They know how to slip it to you
like a free cigarette, lean into

the flame, small and knocked
around by breeze, a count

or two, just seconds before
inhale, exhale.

 

Some nights

Hypnogogic hallucinations

man hides
            black curtains
                        beside my bedside

it could be
            Johnny Cash
                        a ghost in darkness

his guitar
            music shines
                        lacquer rubbed off

from song
            to song
                        sound bounce

or a lion
            his mane
                        smoothed

in control
            his roar         
                        a horror

or man again
            orange jacket
                        hardhat

he blows
            his pipe
                        disappears    

the moon
            blocked
                        pine trees

and neighbors
            brick buildings
                        scrape skin on mortar

this delusion breaks into me, monster and troll under the bed, stink and carry on

i no longer
            scream
                        into soundlessness

turn on
            the light
                        look, he’s gone

the curtain
            moves slight
                        a fish tail in the water

smooth creak
            breaking down         
                        i swim laps to survive

 

2016

In February, I start to think of them. Distant anxieties yet a comfort like the lilacs of my childhood.

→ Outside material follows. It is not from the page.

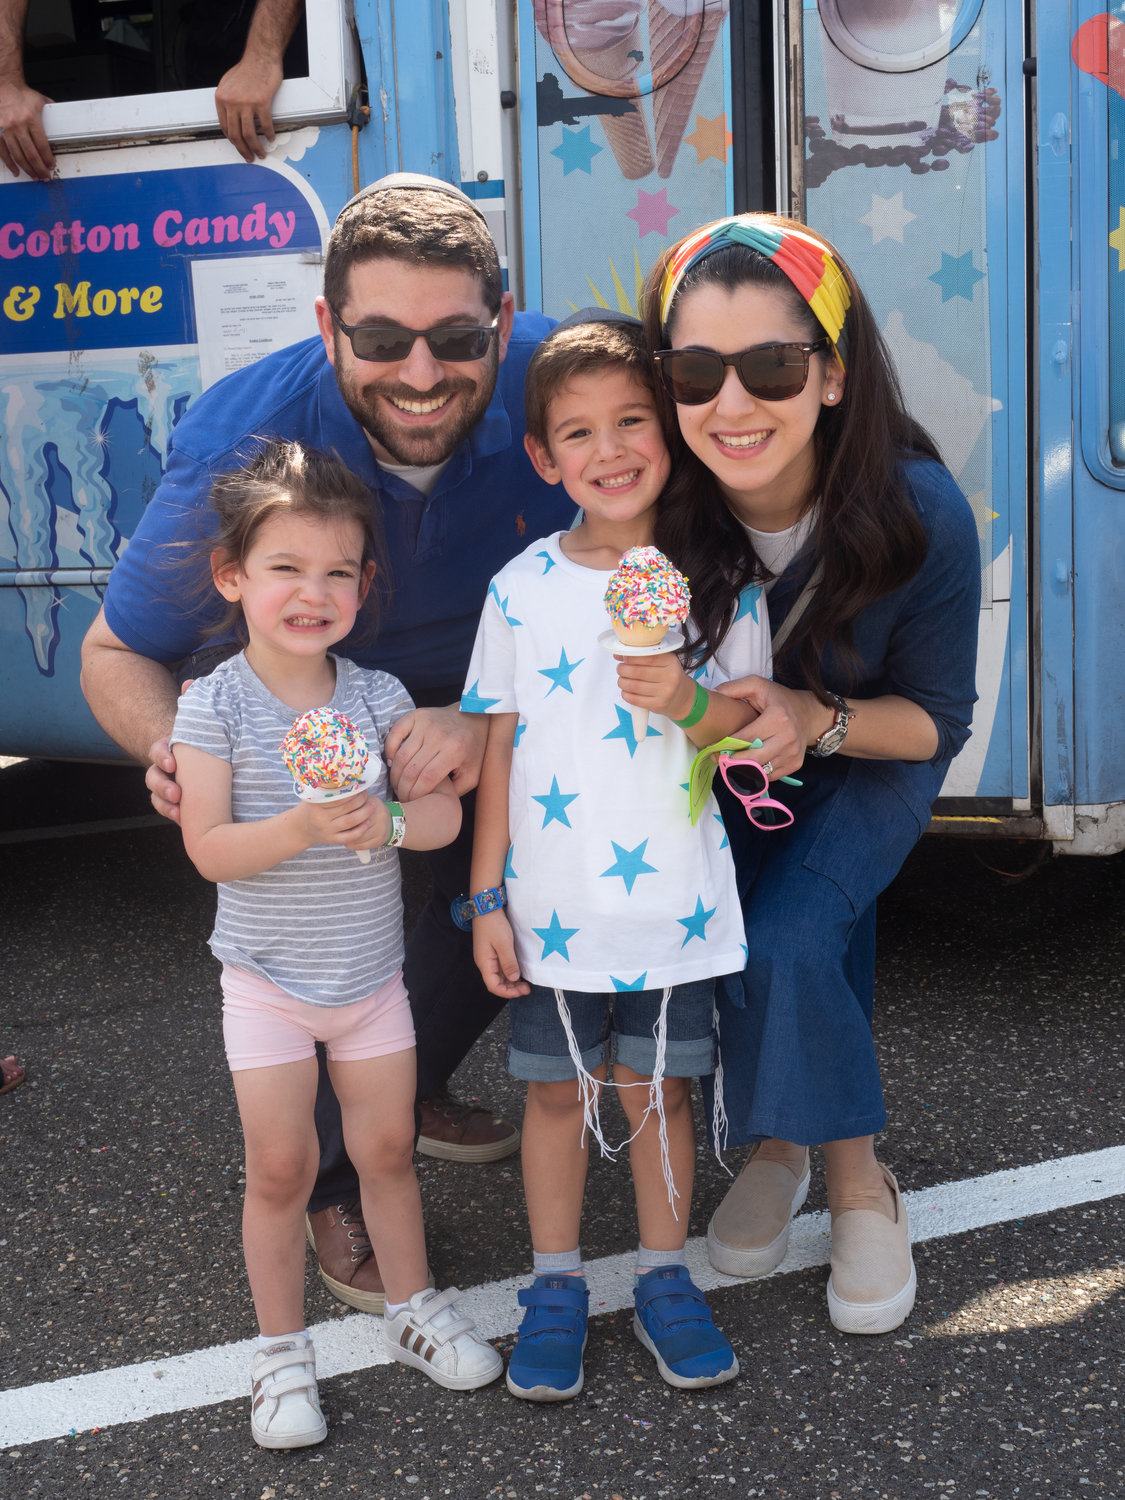 Ice cream was the treat for Zahava, 2, and Meir, 4, Weinstein with parents Yaakov and Davora at the fall festival.

In March, I draft the first. To my psychiatrist, a father figure, a man I could trust. I wasn’t afraid. Pill after pill, zaps my brain, side effects random, apathy like a burnt out candle.

In April, I write two. One to my oldest son, one to the younger. It’s a carousel, the colors spin and wane as the fun comes to a stop. The guilt is falling off that horse. I slip against a wet seat, rain sideways, the looks on small faces who lose a mother.

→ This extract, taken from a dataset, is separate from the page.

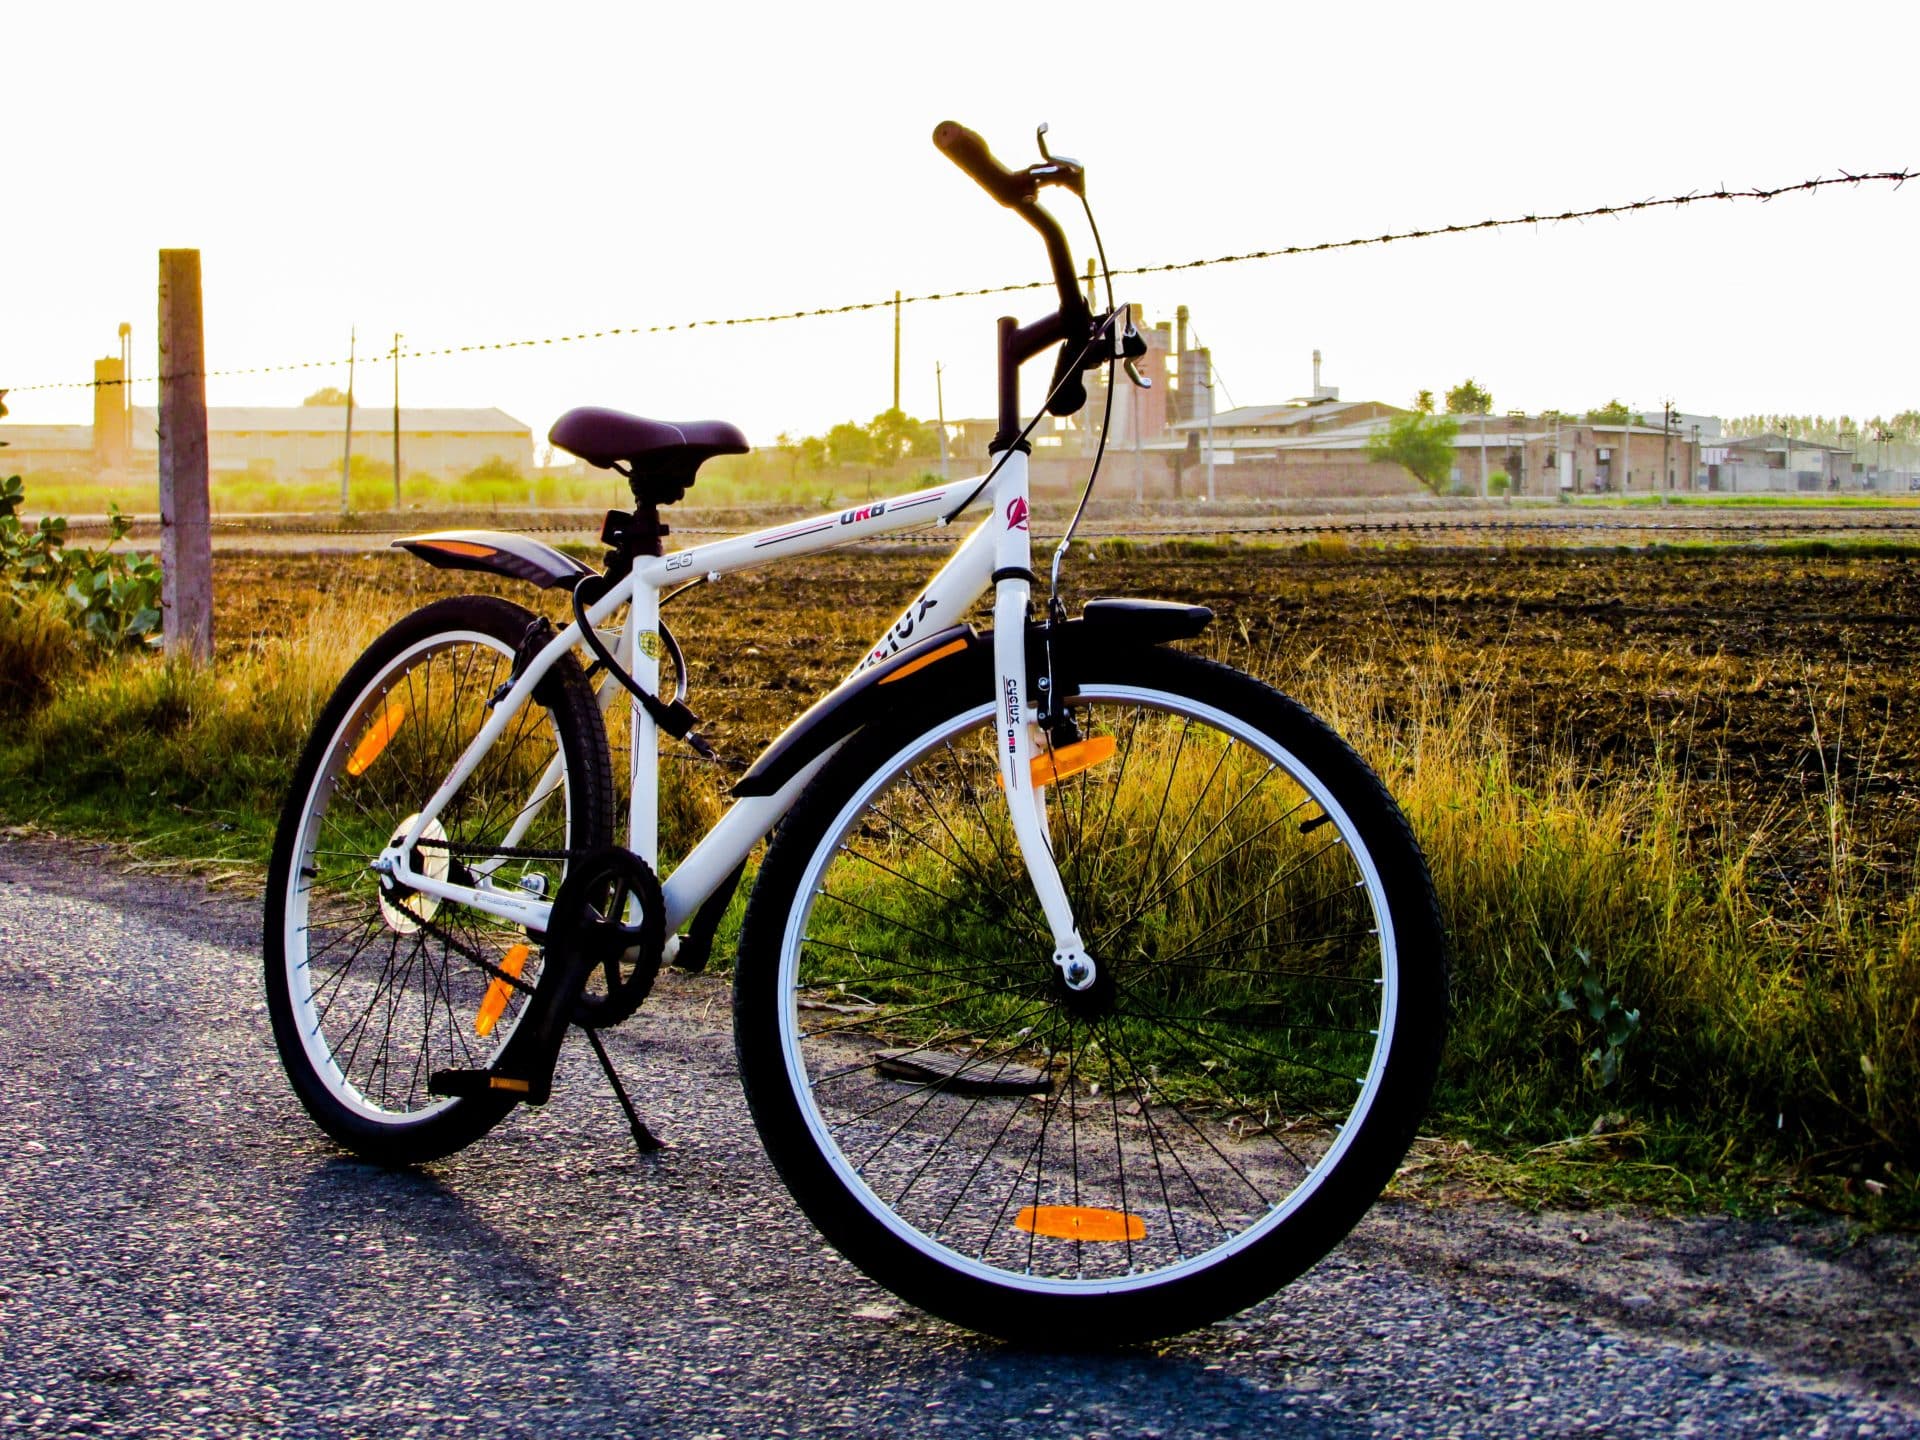 Bicycle on road representing a personal injury claim

In May, I scribble out one to my mother. I start to hoard the pills, they line the paper, weak soldiers eager to drown. I imagine she won’t understand, like a paper doll, blank look, easy to fold.

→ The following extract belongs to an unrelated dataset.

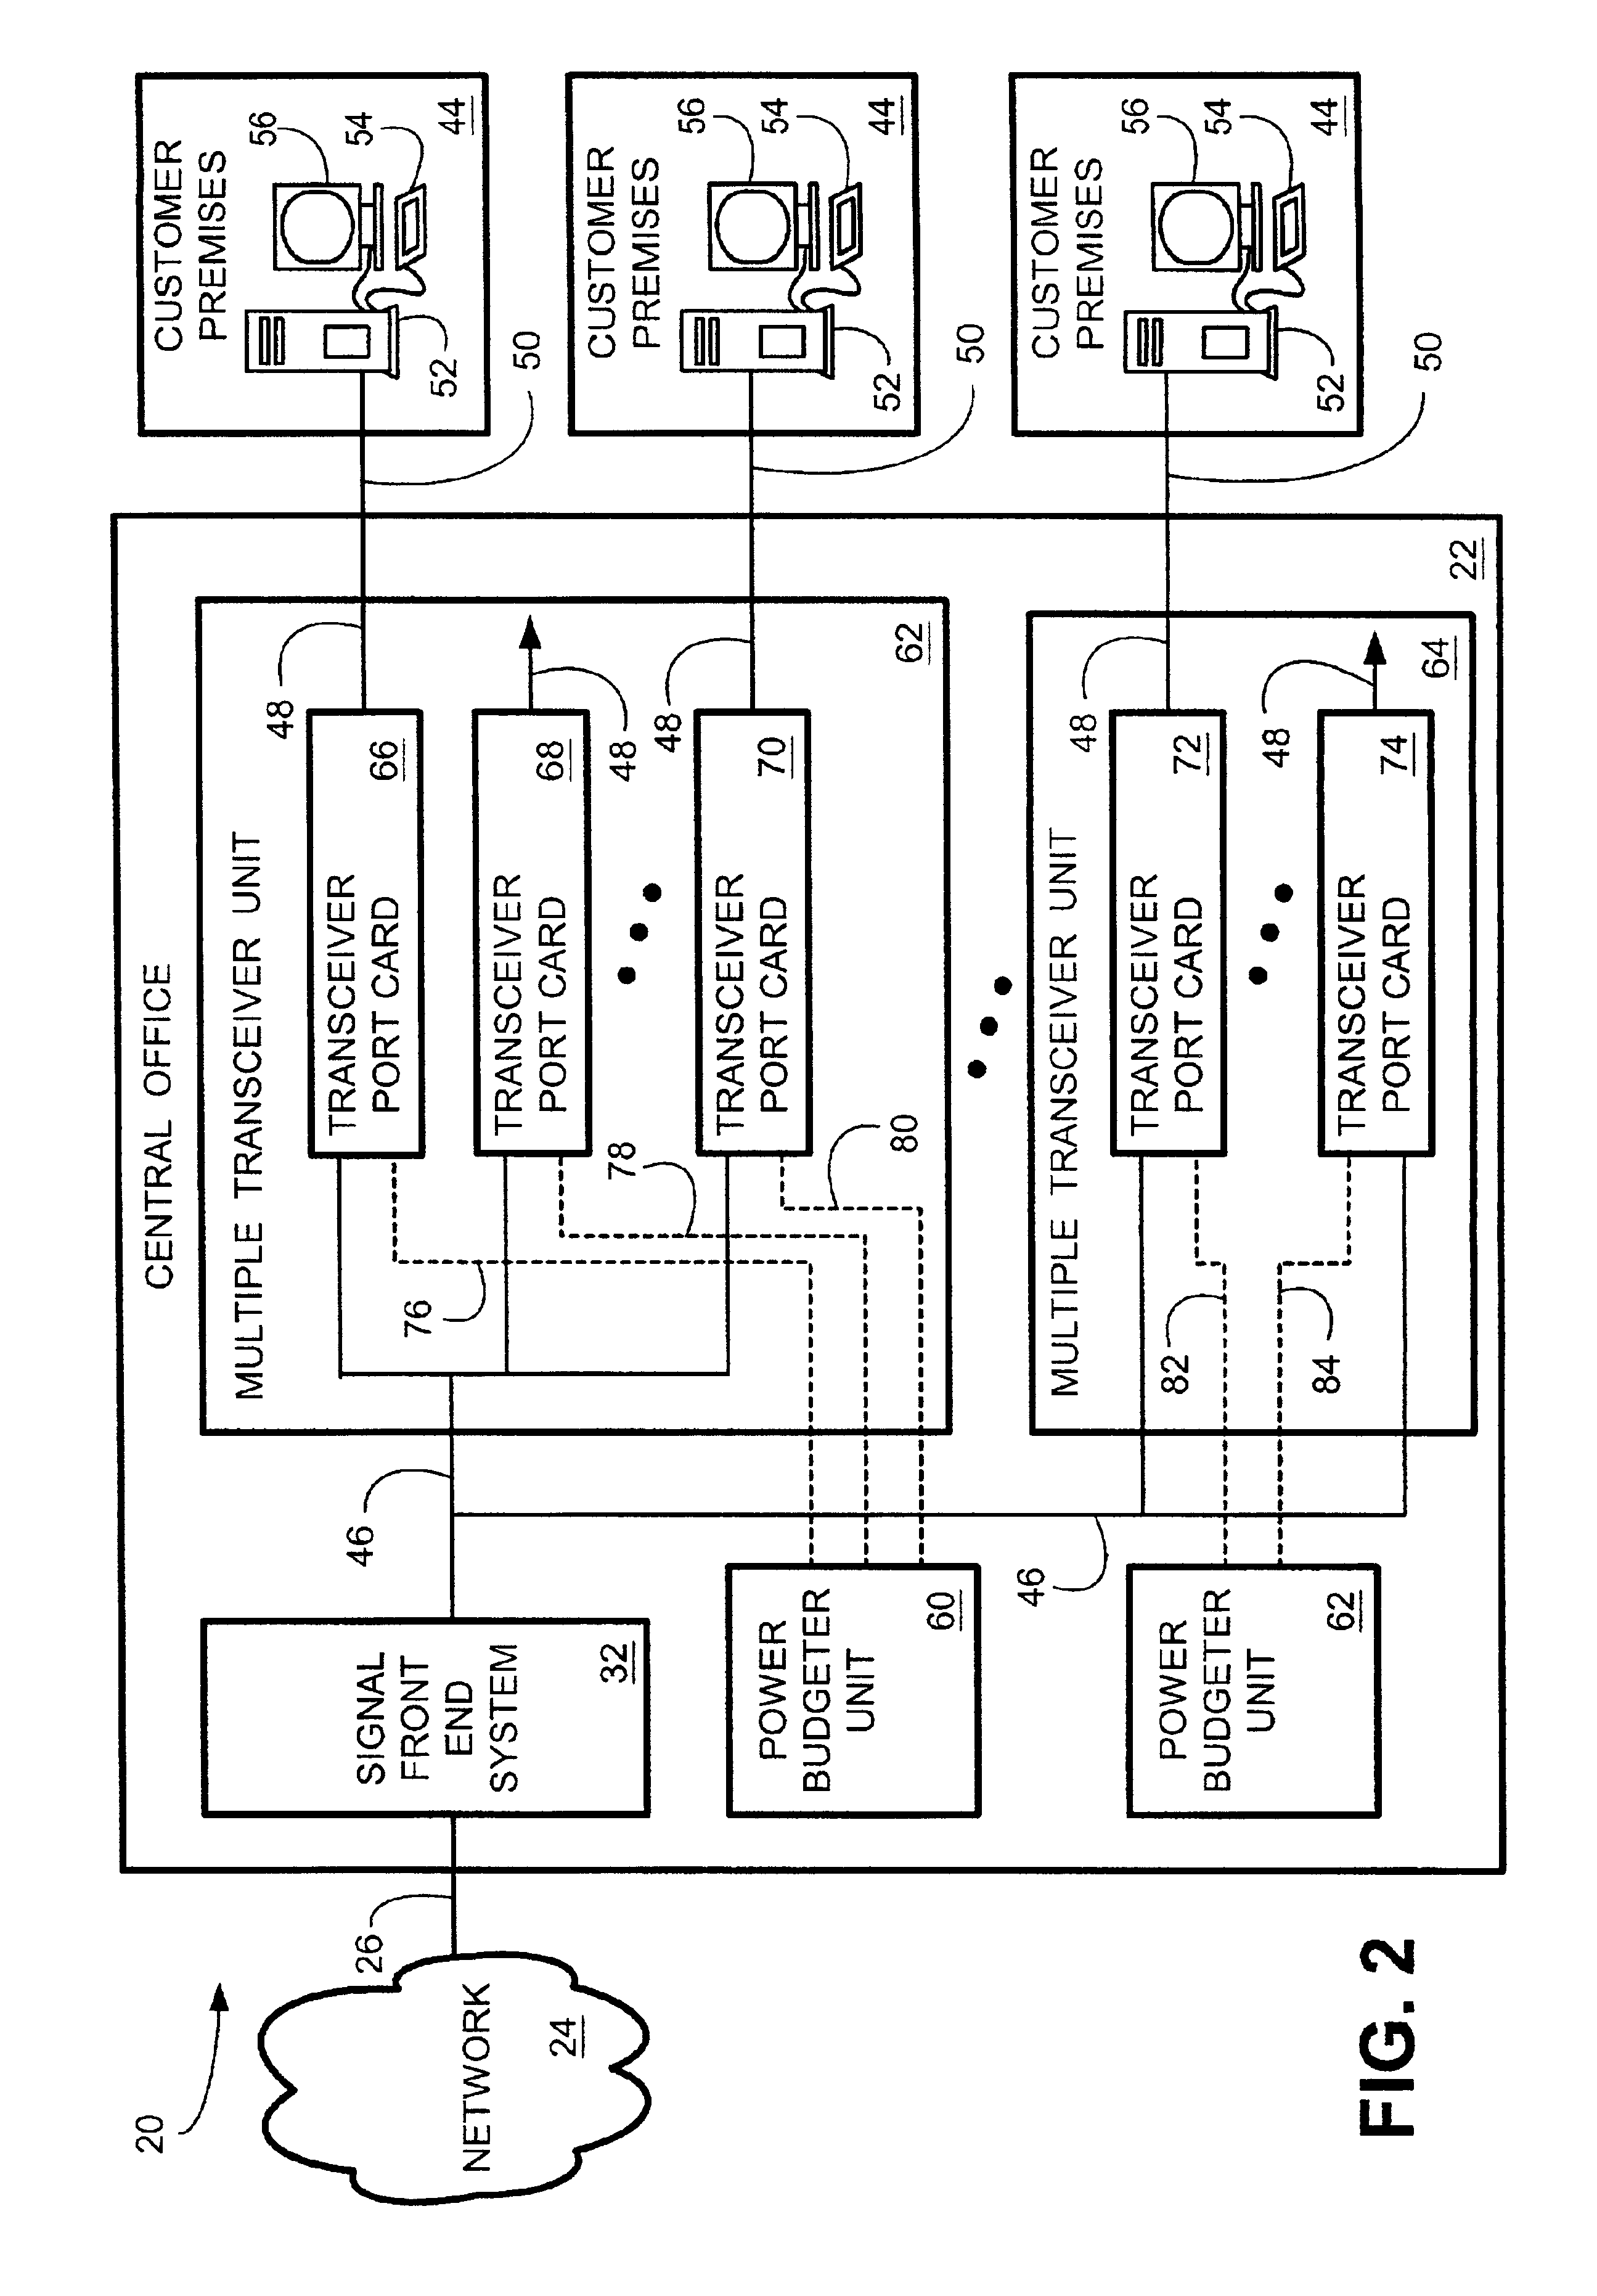 System and method for statistical control of power dissipation with host enforcement

In June, the hardest to write. My husband, we found each other, love lasted like a pine tree. Marriage, the needles that fall, the needles that stay. That tree grows taller each year. Eyes will no longer reflect beauty.

In July, on a hot day, I line them, I count them. I have the alcohol. Easy, like taking a pen to the heart, writing excuses with blood, sealing them in an envelope. Please scatter my ashes across the Pacific. Wear red.


Sarah Lilius lives in Arlington, VA with her two boys, husband, and cat. She’s the author of The Heart Factory (Black Cat Moon Press, 2016) and What Becomes Within (ELJ Publications, 2014). Some places her work can be found are Tinderbox, The Fem, Flapperhouse, and Drunk Monkeys. Check out her website at sarahlilius.com.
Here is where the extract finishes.